What to work on:
Go to the line containing "- 868.79 kB" in the records below and print it and every following line exactly, on through the line containing "1958, S. 254)", then stop.

Collected data
+ + +
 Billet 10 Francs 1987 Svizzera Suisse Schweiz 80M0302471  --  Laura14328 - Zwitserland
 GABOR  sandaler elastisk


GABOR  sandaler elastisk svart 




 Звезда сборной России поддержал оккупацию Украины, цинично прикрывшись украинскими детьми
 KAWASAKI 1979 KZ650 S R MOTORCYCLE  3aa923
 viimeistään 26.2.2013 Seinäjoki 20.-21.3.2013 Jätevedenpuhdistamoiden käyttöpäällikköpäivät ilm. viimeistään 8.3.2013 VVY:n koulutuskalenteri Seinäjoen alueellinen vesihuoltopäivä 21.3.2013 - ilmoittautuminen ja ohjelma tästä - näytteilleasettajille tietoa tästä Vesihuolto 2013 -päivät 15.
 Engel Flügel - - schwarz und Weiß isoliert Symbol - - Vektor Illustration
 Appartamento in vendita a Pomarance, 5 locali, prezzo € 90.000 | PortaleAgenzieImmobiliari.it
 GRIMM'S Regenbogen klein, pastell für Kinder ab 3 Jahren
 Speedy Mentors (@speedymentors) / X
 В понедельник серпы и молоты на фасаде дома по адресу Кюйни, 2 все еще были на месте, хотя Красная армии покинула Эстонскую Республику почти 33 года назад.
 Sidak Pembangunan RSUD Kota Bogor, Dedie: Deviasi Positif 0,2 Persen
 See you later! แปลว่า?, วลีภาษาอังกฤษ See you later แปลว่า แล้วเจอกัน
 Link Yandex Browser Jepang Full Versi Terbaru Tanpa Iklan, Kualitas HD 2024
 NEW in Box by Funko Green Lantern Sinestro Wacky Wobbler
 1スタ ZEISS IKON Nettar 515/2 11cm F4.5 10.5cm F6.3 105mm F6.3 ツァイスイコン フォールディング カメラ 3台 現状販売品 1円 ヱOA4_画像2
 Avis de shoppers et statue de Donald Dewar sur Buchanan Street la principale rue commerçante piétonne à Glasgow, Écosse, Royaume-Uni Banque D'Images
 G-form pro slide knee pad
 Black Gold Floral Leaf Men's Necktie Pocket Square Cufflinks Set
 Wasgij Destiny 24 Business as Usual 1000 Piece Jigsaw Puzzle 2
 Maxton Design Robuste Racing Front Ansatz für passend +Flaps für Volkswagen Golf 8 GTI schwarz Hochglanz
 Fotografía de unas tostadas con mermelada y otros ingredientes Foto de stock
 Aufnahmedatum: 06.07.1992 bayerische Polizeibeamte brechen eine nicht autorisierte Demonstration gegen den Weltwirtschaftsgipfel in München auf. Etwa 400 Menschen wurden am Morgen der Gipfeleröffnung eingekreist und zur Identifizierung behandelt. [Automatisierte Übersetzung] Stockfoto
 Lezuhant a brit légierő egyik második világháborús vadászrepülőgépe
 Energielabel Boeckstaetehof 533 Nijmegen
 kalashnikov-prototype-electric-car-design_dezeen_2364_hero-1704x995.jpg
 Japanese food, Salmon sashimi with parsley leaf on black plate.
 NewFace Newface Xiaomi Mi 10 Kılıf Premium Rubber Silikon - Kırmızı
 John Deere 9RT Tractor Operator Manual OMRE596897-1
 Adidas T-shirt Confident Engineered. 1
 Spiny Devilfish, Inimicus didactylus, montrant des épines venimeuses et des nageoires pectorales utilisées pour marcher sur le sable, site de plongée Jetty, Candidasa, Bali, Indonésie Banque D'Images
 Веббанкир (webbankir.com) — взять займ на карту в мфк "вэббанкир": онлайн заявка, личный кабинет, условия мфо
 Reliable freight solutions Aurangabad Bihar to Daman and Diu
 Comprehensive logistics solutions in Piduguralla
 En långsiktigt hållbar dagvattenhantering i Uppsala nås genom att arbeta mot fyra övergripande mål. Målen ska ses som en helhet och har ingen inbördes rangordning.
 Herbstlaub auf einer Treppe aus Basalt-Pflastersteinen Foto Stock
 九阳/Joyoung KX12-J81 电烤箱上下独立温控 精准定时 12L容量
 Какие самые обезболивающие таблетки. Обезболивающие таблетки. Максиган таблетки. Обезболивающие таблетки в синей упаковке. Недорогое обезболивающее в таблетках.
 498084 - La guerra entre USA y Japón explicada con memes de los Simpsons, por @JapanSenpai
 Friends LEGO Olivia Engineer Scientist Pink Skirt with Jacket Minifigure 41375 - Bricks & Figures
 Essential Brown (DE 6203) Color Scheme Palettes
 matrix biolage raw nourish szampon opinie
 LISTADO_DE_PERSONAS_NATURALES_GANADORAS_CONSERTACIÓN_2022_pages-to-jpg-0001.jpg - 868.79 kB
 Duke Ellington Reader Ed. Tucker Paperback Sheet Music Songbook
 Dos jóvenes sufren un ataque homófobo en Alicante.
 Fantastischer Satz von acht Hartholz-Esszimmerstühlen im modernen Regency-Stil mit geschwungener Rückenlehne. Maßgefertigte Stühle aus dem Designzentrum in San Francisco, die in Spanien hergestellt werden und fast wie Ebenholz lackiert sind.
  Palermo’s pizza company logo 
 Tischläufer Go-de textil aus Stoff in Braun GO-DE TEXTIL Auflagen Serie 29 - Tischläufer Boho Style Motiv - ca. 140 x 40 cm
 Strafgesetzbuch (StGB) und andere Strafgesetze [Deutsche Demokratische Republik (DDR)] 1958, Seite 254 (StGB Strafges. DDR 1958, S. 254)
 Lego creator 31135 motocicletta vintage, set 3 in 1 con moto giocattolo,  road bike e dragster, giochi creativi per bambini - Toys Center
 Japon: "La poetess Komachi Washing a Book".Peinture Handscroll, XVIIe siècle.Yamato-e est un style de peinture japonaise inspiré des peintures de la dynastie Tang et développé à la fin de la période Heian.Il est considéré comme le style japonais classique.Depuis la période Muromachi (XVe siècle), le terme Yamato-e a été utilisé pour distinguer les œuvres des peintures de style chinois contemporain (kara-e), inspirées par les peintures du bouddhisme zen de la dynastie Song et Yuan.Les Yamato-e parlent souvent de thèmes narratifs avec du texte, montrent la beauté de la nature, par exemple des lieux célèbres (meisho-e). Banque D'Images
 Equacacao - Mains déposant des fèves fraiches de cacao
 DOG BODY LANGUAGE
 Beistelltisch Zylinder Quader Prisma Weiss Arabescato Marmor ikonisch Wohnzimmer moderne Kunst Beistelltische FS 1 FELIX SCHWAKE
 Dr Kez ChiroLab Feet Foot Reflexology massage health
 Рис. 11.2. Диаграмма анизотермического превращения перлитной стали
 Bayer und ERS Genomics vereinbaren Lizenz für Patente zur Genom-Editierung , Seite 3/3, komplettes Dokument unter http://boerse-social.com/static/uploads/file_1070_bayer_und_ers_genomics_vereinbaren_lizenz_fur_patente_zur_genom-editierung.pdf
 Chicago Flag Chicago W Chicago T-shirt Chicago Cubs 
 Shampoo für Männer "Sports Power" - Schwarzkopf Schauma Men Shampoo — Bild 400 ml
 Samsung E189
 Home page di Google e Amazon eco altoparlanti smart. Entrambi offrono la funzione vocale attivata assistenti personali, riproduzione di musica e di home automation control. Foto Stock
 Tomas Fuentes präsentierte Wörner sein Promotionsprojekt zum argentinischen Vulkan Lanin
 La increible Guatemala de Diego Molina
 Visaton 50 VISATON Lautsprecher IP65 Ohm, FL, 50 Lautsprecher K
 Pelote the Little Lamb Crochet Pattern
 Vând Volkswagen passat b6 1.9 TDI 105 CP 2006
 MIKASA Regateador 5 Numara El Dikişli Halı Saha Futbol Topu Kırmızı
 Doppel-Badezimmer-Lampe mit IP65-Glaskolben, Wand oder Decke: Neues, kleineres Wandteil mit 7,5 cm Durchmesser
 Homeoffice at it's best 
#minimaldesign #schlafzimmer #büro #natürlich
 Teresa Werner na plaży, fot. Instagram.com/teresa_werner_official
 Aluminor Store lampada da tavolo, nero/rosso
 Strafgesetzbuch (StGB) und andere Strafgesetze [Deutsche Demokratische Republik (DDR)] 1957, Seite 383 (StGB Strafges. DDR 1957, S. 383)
+ + +
Answer to this task:
 LISTADO_DE_PERSONAS_NATURALES_GANADORAS_CONSERTACIÓN_2022_pages-to-jpg-0001.jpg - 868.79 kB
 Duke Ellington Reader Ed. Tucker Paperback Sheet Music Songbook
 Dos jóvenes sufren un ataque homófobo en Alicante.
 Fantastischer Satz von acht Hartholz-Esszimmerstühlen im modernen Regency-Stil mit geschwungener Rückenlehne. Maßgefertigte Stühle aus dem Designzentrum in San Francisco, die in Spanien hergestellt werden und fast wie Ebenholz lackiert sind.
  Palermo’s pizza company logo 
 Tischläufer Go-de textil aus Stoff in Braun GO-DE TEXTIL Auflagen Serie 29 - Tischläufer Boho Style Motiv - ca. 140 x 40 cm
 Strafgesetzbuch (StGB) und andere Strafgesetze [Deutsche Demokratische Republik (DDR)] 1958, Seite 254 (StGB Strafges. DDR 1958, S. 254)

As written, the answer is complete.